8. Personal data protection
- The Seller, as the data controller, undertakes to protect and process any personal data provided to it based on the relevant agreements in compliance with relevant legislation, especially the Regulation (EU) No. 2016/679 of the European Parliament and of the Council of 27 April 2016 on the protection of natural persons with regard to the processing of personal data and on the free movement of such data, and repealing Directive 95/46/EC.
- During the processing of the personal data, the Seller shall adhere to basic principles that are freely accessible on its website: www.libella.cz/ochrana-osobnich-udaju.
9. Out-of-court settlement of disputes
- The body competent to settle out-of-court consumer disputes arising out of a purchase agreement is the relevant Czech Trade Inspection Authority with its registered office at Štěpánská 567/15, 120 00 Prague 2, Company ID: 000 20 869, website: https://adr.coi.cz/cs. For the online resolution of disputes between the Seller and the Buyer arising out of a Purchase Agreement, it is possible to use the internet platform at http://ec.europa.eu/consumers/odr.
- The European Consumer Centre Czech Republic located at 567/15, 120 00 Prague 2, website: http://www.evropskyspotrebitel.cz, is a contact point pursuant to the Regulation (EU) No. 524/2013 of the European Parliament and of the Council of 21 May 2013 on online dispute resolution for consumer disputes and amending Regulation (EC) No. 2006/2004 and Directive 2009/22/EC (Regulation on consumer ODR).
- The Seller is authorised to sell its products based on a trade licence. Trade inspection is carried out by the relevant Trade Licence Office. Among other things, the Czech Trade Inspection Authority supervises compliance with Act No. 634/1992 Coll., on consumer protection.
10. Final provisions
- The PTC are binding on the Buyer and the Seller from the day of entering into the Purchase Agreement or the Servicing Agreement. To a reasonable extent, the Seller is entitled to amend these PTC or repeal these by issuing new purchase terms and conditions, should there be a need for their change. This provision is without prejudice to the rights and obligations that arose when the previous version of the PTC was in force.
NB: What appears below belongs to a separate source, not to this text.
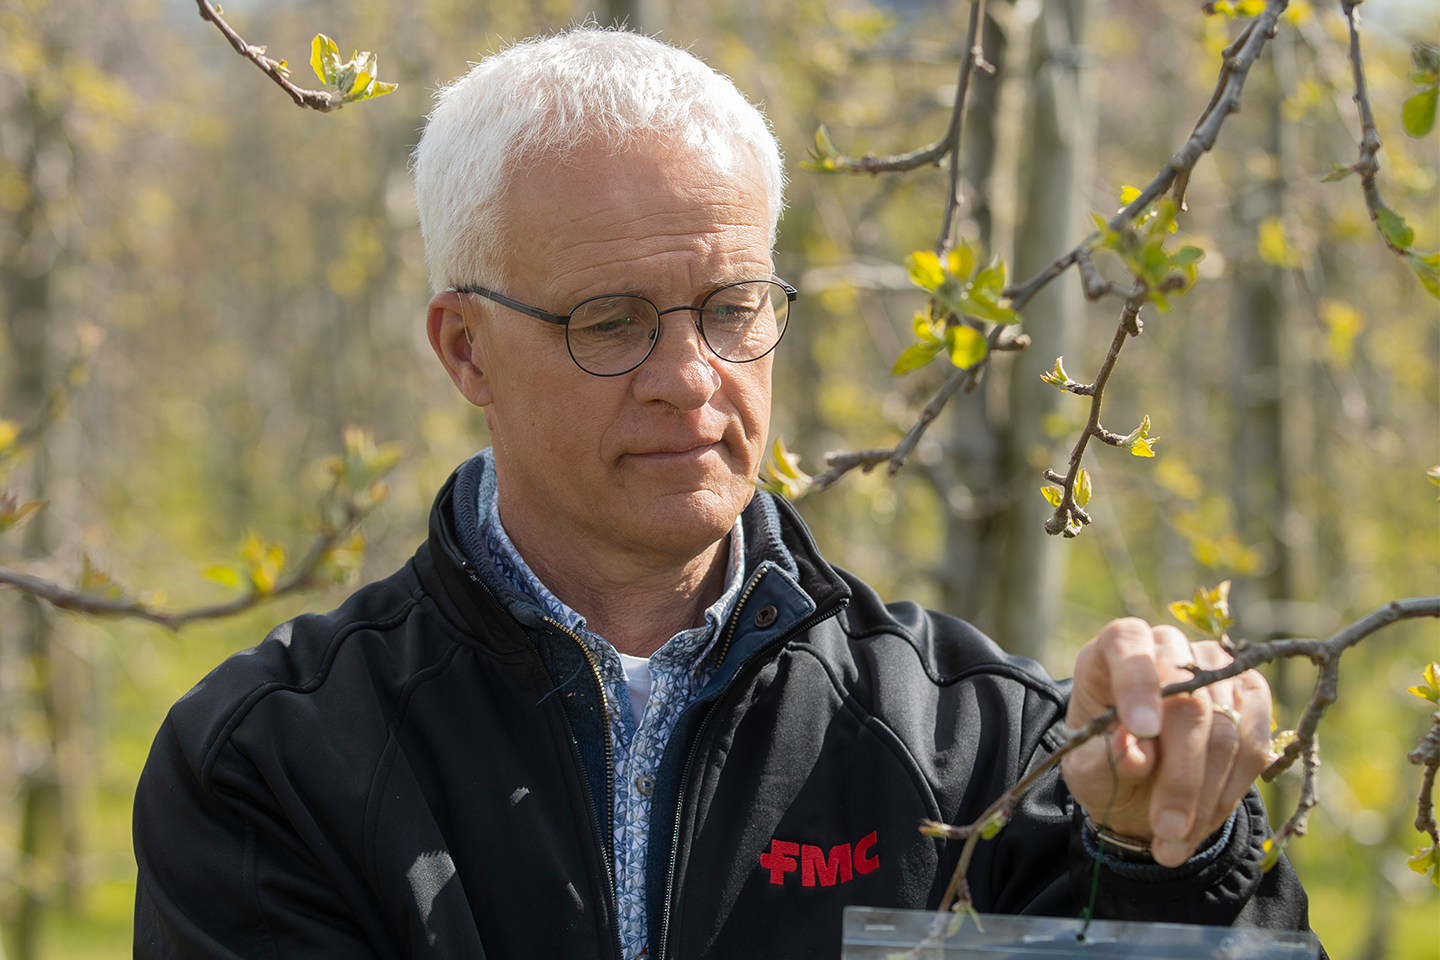 Nico Harteveld Technisch adviseur bij FMC in boomgaard

- The relationship between the Seller and the Buyer arising out of the Purchase Agreement or the Servicing Agreement is governed by the law of the Czech Republic and especially the Civil Code.
- By entering into the Purchase Agreement or Servicing Agreement, the Buyer confirms that he or she has become familiar with the content of the purchase terms and conditions and accepts them expressly.
- These purchase terms and conditions are in force and effect from 1 February 2022.